参考:How to avoid NLTK’s sentence tokenizer splitting on abbreviations?
NLTK自带的nltk.tokenize
库可以实现英文分句,但是当句子中存在缩写词时分句会错误:
from nltk.tokenize import sent_tokenize
sens = sent_tokenize('Fig. 2 shows a U.S.A. map.Look!')
print(sens)
"""
输出:['Fig.', '2 shows a U.S.A. map.Look!']
"""
可以使用nltk.tokenize.punkt
库自定义缩写词列表进行分句:
from nltk.tokenize.punkt import PunktSentenceTokenizer, PunktParameters
punkt_param = PunktParameters()
abbreviation = ['fig', 'u.s.a']
punkt_param.abbrev_types = set(abbreviation)

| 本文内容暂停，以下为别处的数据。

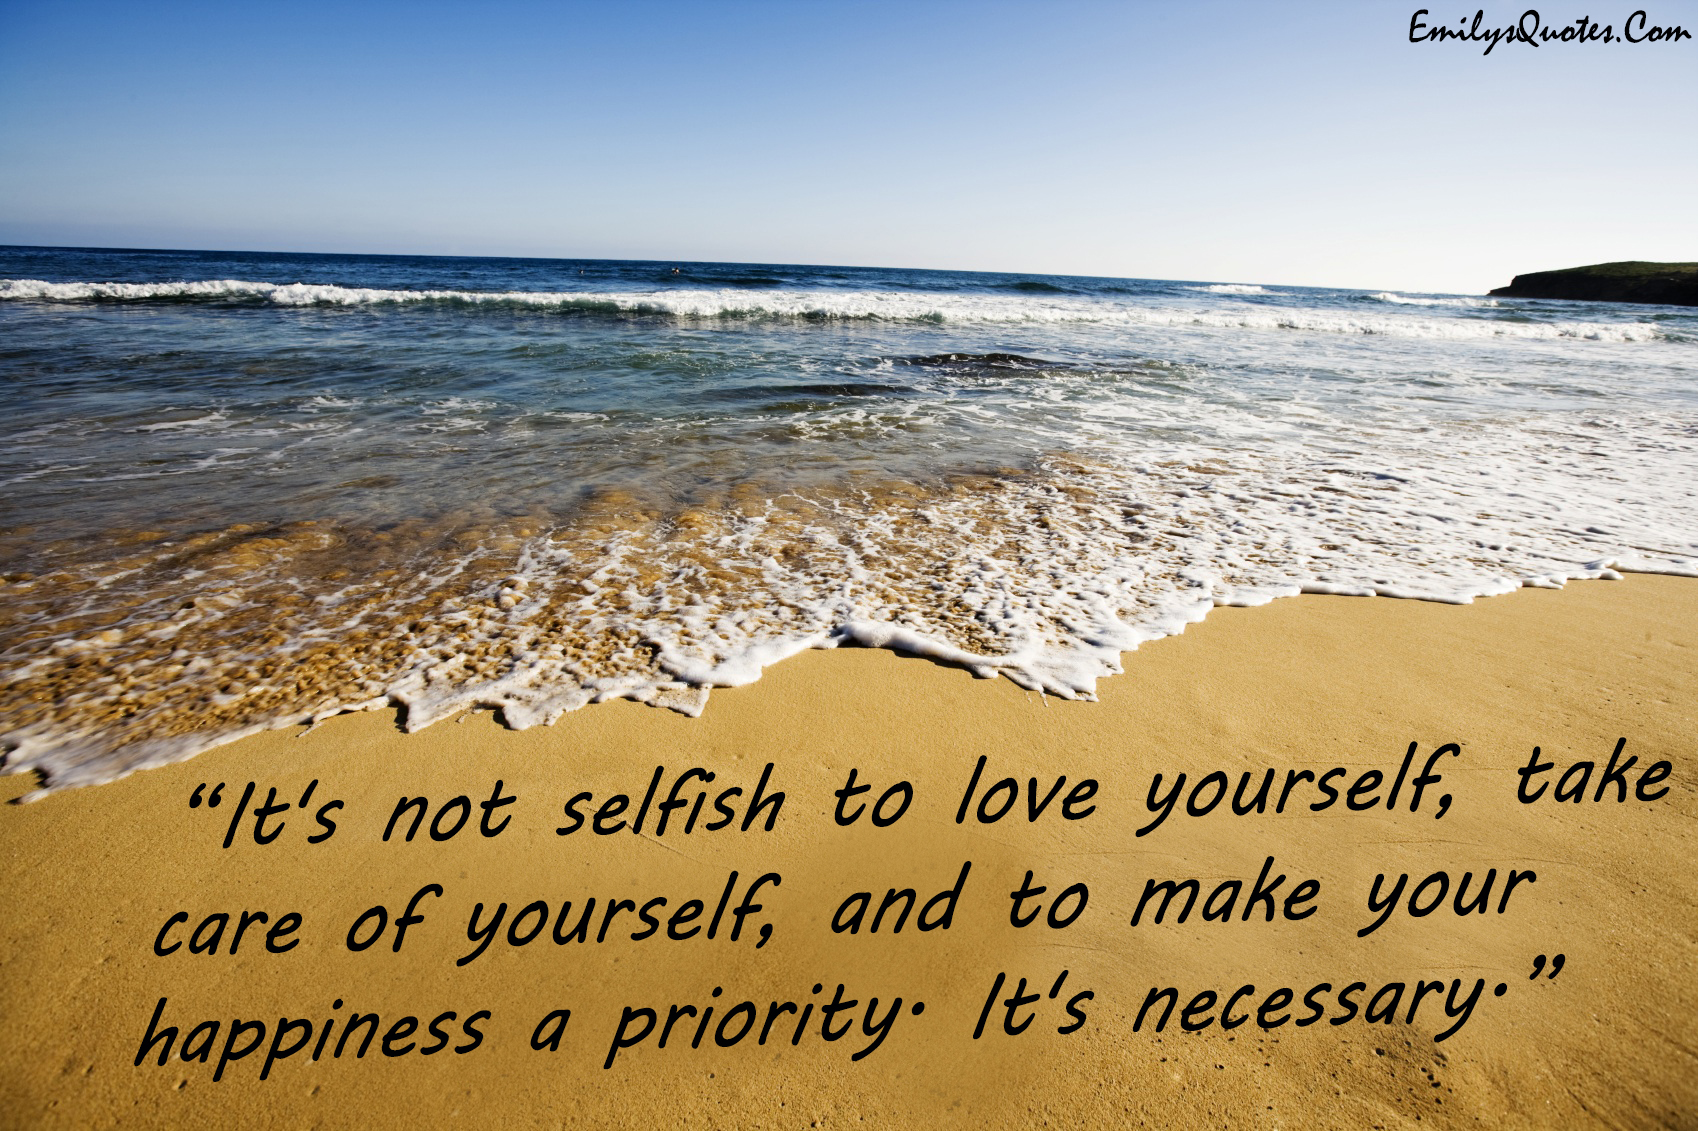 It’s not selfish to love yourself, take care of yourself, and to make your happiness a priority. It’s necessary

tokenizer = PunktSentenceTokenizer(punkt_param)
sens = tokenizer.tokenize('Fig. 2 shows a U.S.A. map.Look!')
print(sens)
"""
输出:['Fig. 2 shows a U.S.A. map.Look!']
"""
注意:
- 自定义缩略词列表单词全部小写,结尾的句号要去掉
- 句子结束标点后面要加一个空格,否则分句失败